Factors affecting survival in operated gastric cancer

Gastric cancer is one of the most common causes of death worldwide. It is among the top 5 most frequently-diagnosed cancers globally and is the 3rd leading cause of cancer-related deaths. In its distribution, there are important geographical, ethnic, and socio-economic differences. Since patients are usually asymptomatic in the earlier stages, two thirds of the patients have inoperable disease at the time of diagnosis. Despite the advances in its treatment, prognosis is still poor [[1], [2], [3]].

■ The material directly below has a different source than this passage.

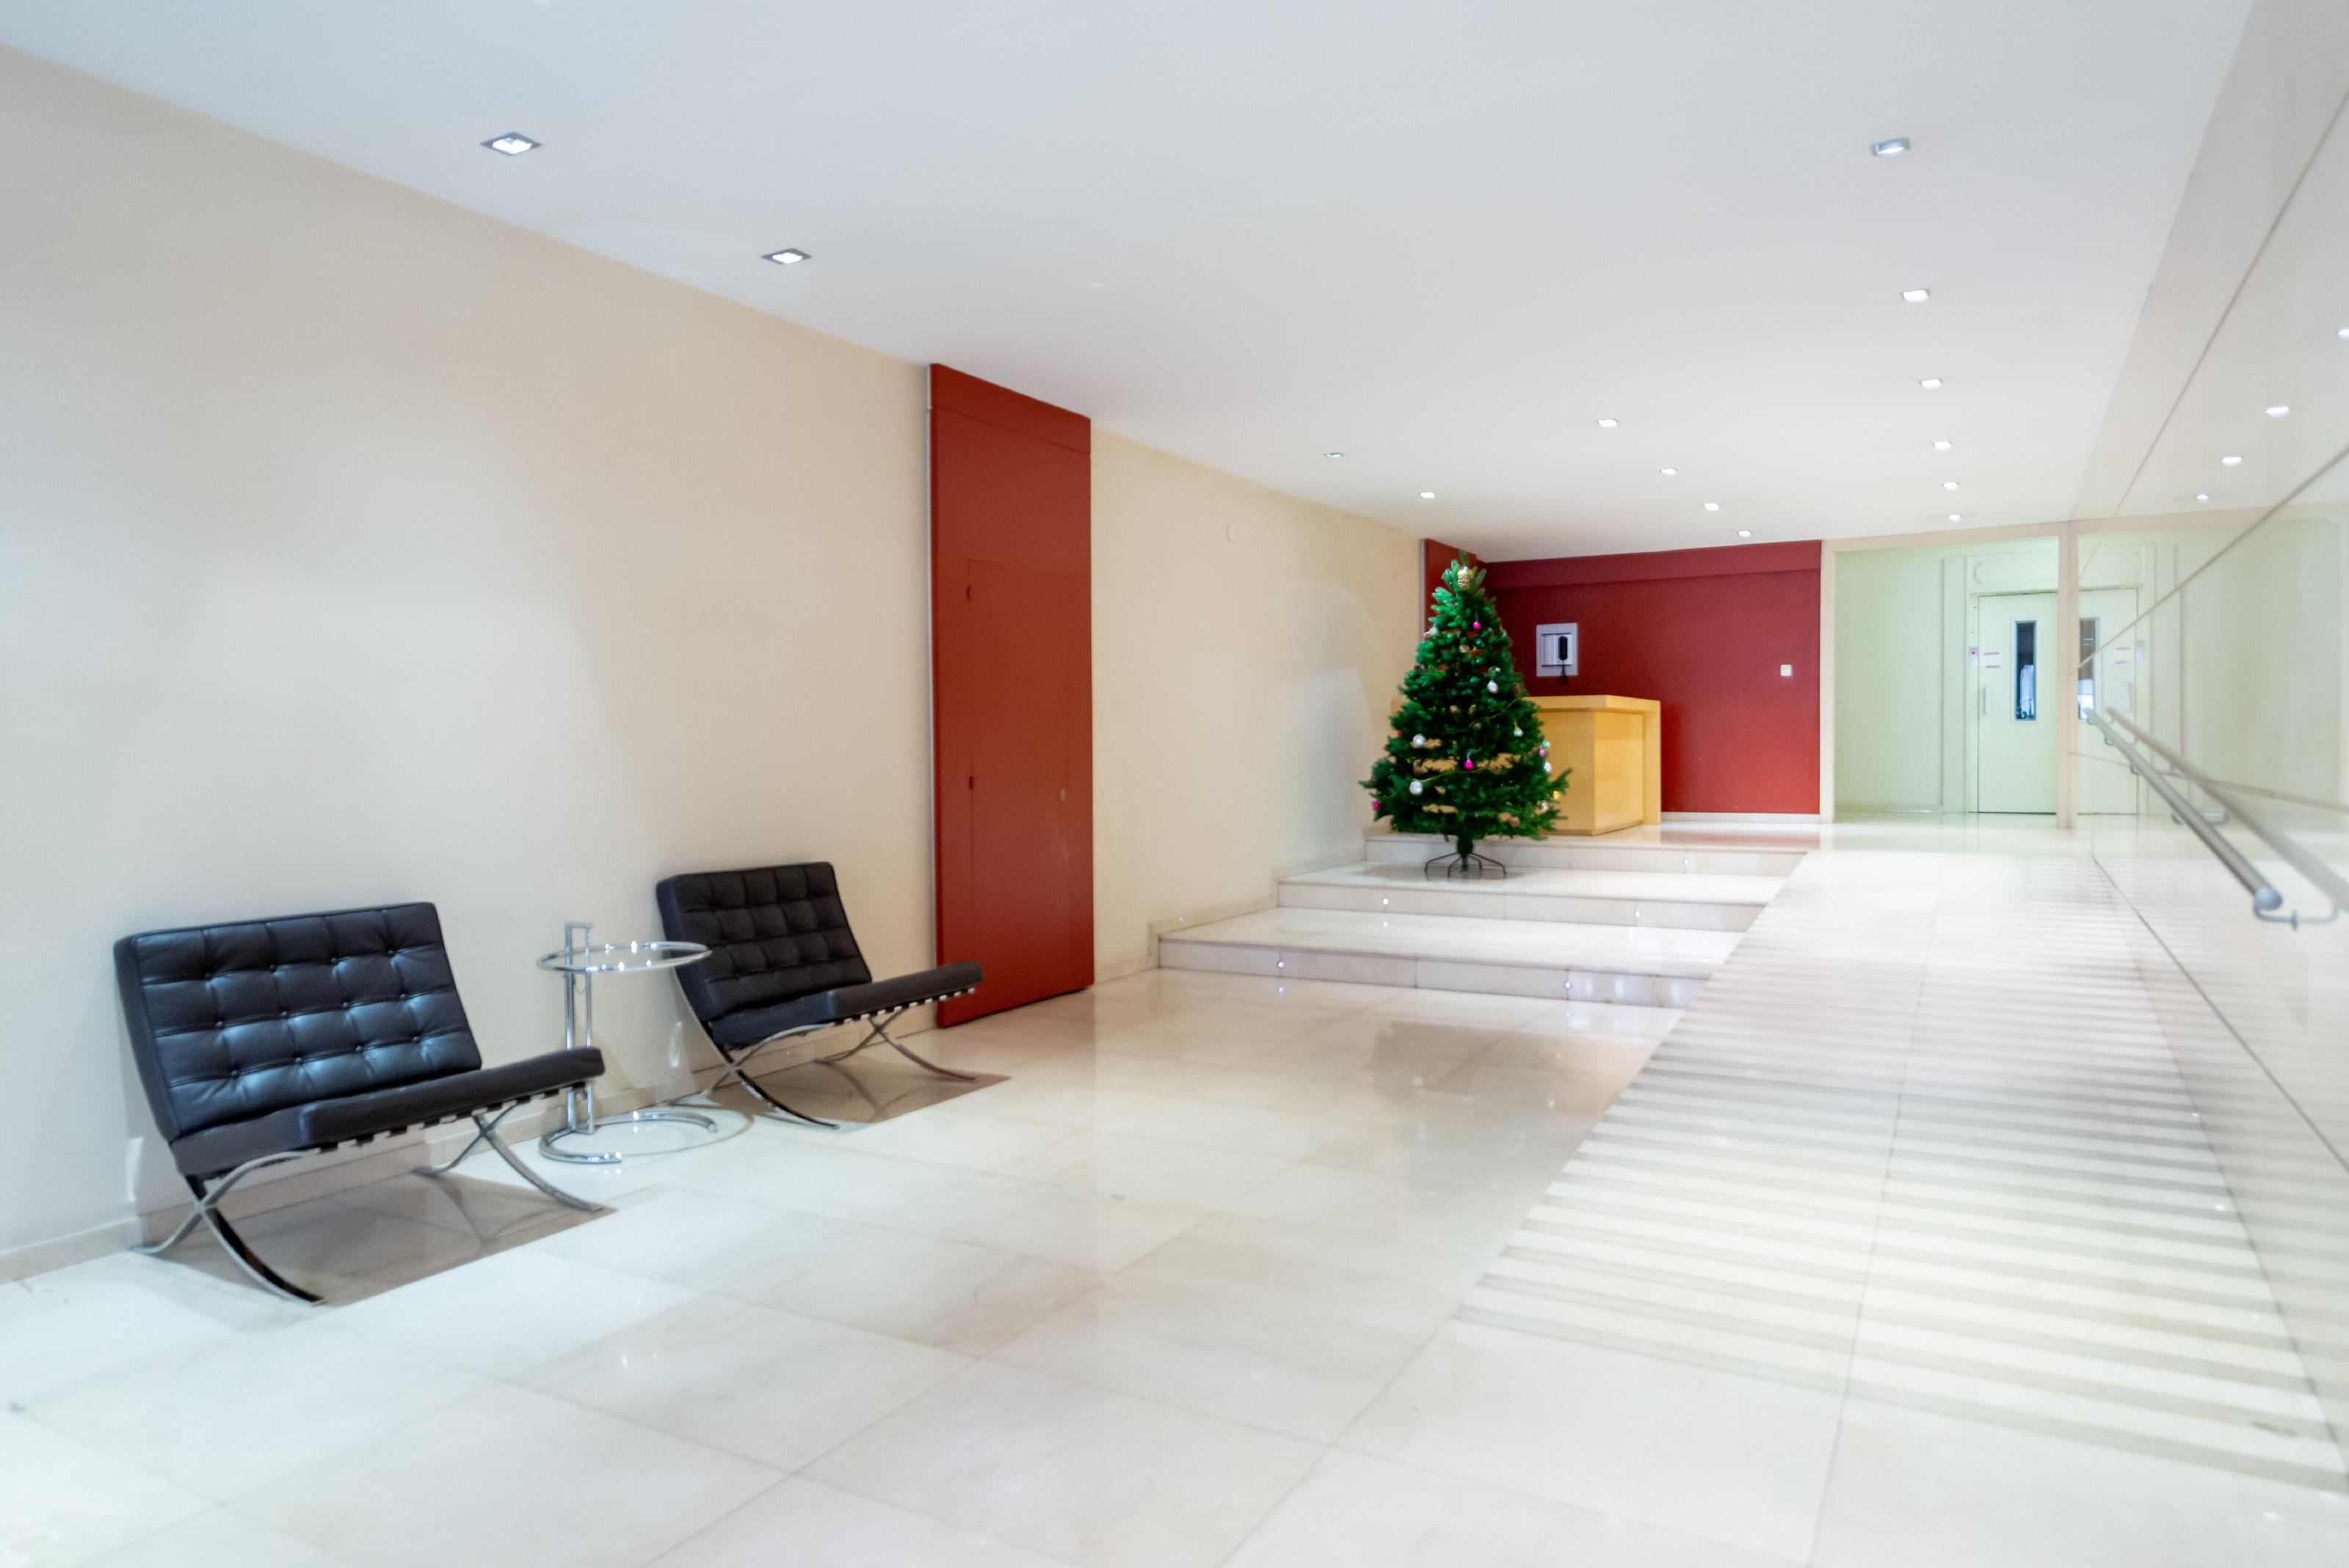 245231 Flat for sale in Sarrià-Sant Gervasi, Sant Gervasi-Galvany 33

Gastric adenocarcinoma has two main histological variants, namely diffuse and intestinal type. The most common variant is the “intestinal type” due to its morphological similarity to adenocarcinomas that occur in the intestinal tract. The sequence of molecular events underlying intestinal type GC (INT-GC) is not fully understood yet [4]. In a model of INT-GC, chronic persistent superficial gastritis caused by chronic HP infection, pernicious anemia, or possibly diets high-in-salt leads to chronic atrophic gastritis (CAG) and gastric intestinal metaplasia (GIM), which is ultimately followed by dysplasia and then adenocarcinoma [5,6]. Although there has been a recent debate as to whether cancer cells directly originate from intestinal metaplastic cells or GIM is a substitute marker of cancer, the presence of GIM has been associated with the development of INT-GC in epidemiological studies [7]. Although diffuse type GC (DIF-GC) can be induced by HP infection, there are significant differences between these two variants. Unlike INT-GC, DIF-GC does not have a previously-defined precancerous lesion, even in those associated with HP infection.

GIM is more common in the countries with higher GC incidence and is known to occur prior to GC development in experimental animal models [8,9]. The data obtained from human studies have supported that GIM is a precursor lesion for INT-GC. In a Chinese study, GIM was detected in about 33% of the population who lived in a region with high gastric cancer incidence [10]. In another study from Japan, it was advocated that the presence of GIM was the sole criterion associated with the development of INT-GC [11].

Given the poor prognosis of GC, it is important to determine prognostic markers for identifying the individual risk as well as staging the disease. In some studies and meta-analysis, HP-positive operated GC patients were found to have worse prognosis [12,13]. In our study, we aimed to investigate the possible negative effects of the presence of GIM, HP, and CAG in surgical specimen on long-term survival in operated INT-GC patients.